Religi  

Setwan DPRD Kalsel Gelar Pembinaan Mental Spritual ASN

Sekwan DPRD Kalsel M Jaini saat saat beri motivasi kepada pegawai di sekretariat Dewan

BANJARMASIN, klikkalsel.com – Sekretariat DPRD Provinsi Kalimantan Selatan (Setwan Kalsel) kembali menggelar ceramah agama dan pembinaan mental spiritual bagi seluruh aparatur sipil negara (ASN) di lingkungan kerjanya, Senin (13/7/2026).

Kegiatan ini menjadi bagian dari upaya membangun karakter ASN yang tidak hanya profesional dalam bekerja, tetapi juga memiliki fondasi spiritual yang kuat dalam menjalankan tugas pelayanan kepada masyarakat.

Sekretaris DPRD Kalsel Muhammad Jaini, mengapresiasi pelaksanaan pembinaan rutin tersebut. Menurutnya, kegiatan keagamaan menjadi sarana untuk menyegarkan kembali semangat serta motivasi spiritual para pegawai di tengah padatnya aktivitas kedinasan.

Ia berharap, pembinaan mental dan spiritual ini dapat mendorong seluruh jajaran Sekretariat DPRD Kalsel untuk terus mengembangkan diri, baik dalam meningkatkan kompetensi kerja maupun memperdalam pengetahuan agama.

“Kami berharap pembinaan mental ini dapat mendorong seluruh staf di Sekretariat DPRD Kalsel untuk terus belajar, baik meningkatkan kompetensi kerja maupun memperdalam pemahaman agama,” ujar Muhammad Jaini.

Baca Juga : Dinas Pariwisata Kalsel, Siap Kelola Tugu Nol KM

Baca Juga : Jenazah Remaja yang Diterkam Buaya di Tanah Bumbu Ditemukan Mengapung 7,5 Kilometer dari Lokasi Hilang

Dalam kesempatan itu, ceramah disampaikan oleh Tenaga Ahli Gubernur Kalsel, Muhammad Husyin. Ia mengingatkan, Islam tidak pernah memisahkan antara ilmu agama dan ilmu pengetahuan umum.
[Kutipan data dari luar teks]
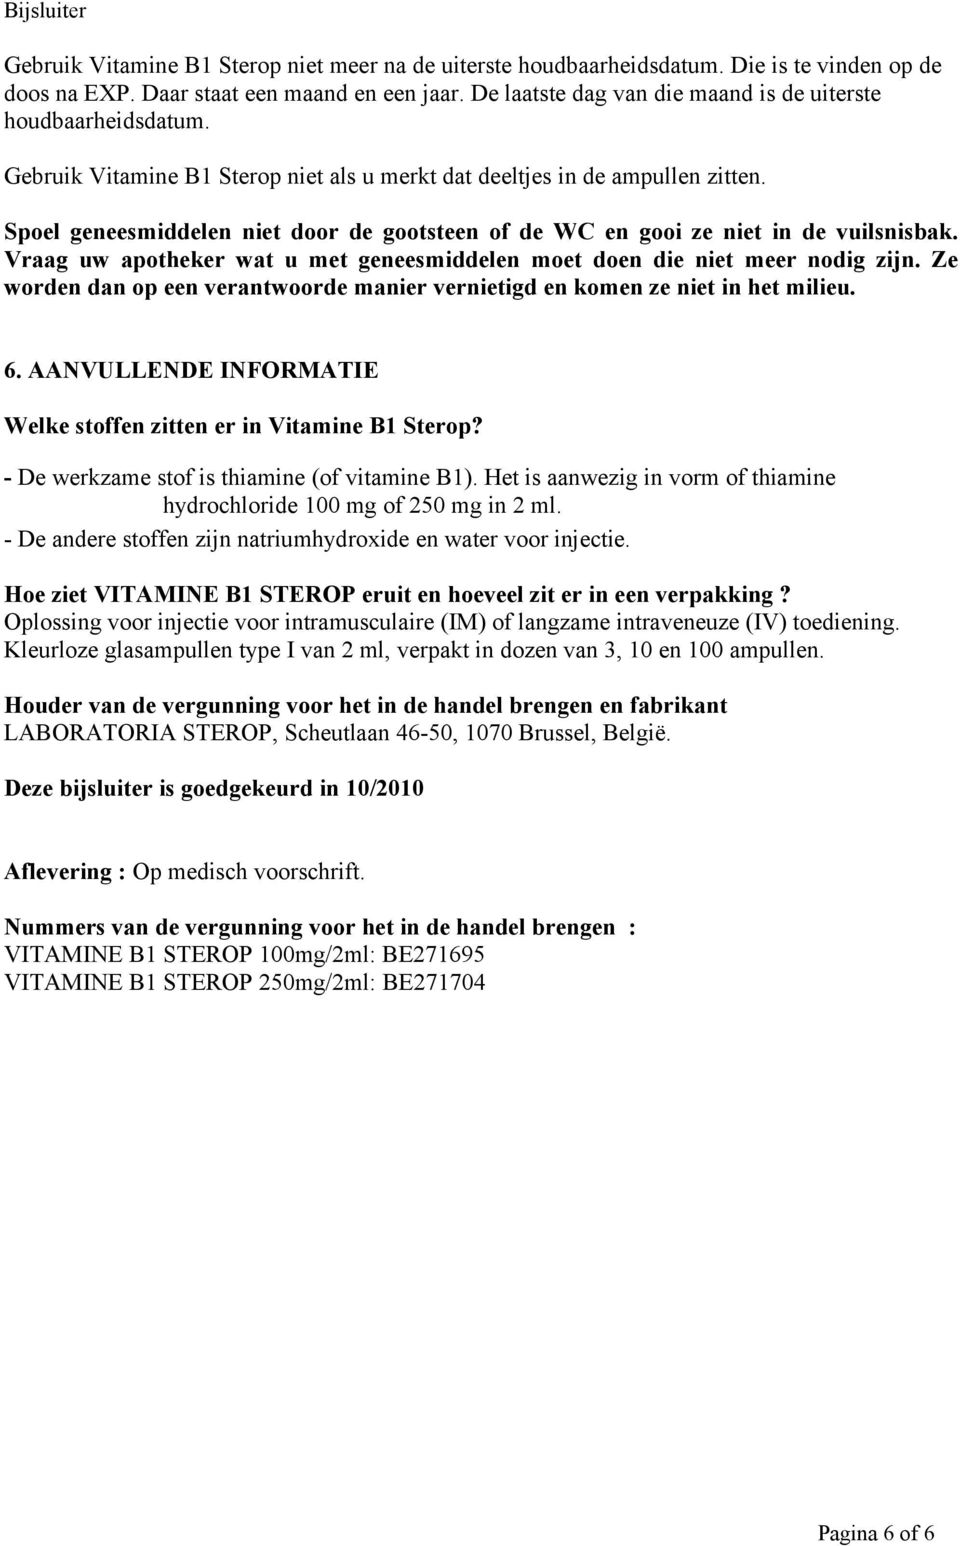 BIJSLUITER: INFORMATIE VOOR GEBRUIKERS. VITAMINE B1 STEROP 100mg/2ml VITAMINE  B1 STEROP 250mg/2ml oplossing voor injectie. Thiamine hydrochloride - PDF  Free Download

Menurutnya, setiap muslim memiliki kewajiban untuk terus menuntut ilmu sepanjang hayat karena ilmu menjadi jalan untuk meningkatkan kualitas diri sekaligus mengangkat derajat seseorang di sisi Allah SWT.

Ia menjelaskan, pemahaman terhadap ilmu tauhid sangat penting agar umat tidak keliru dalam berakidah. Di sisi lain, ilmu syariat diperlukan agar ibadah maupun aktivitas muamalah yang dijalankan sesuai dengan tuntunan agama.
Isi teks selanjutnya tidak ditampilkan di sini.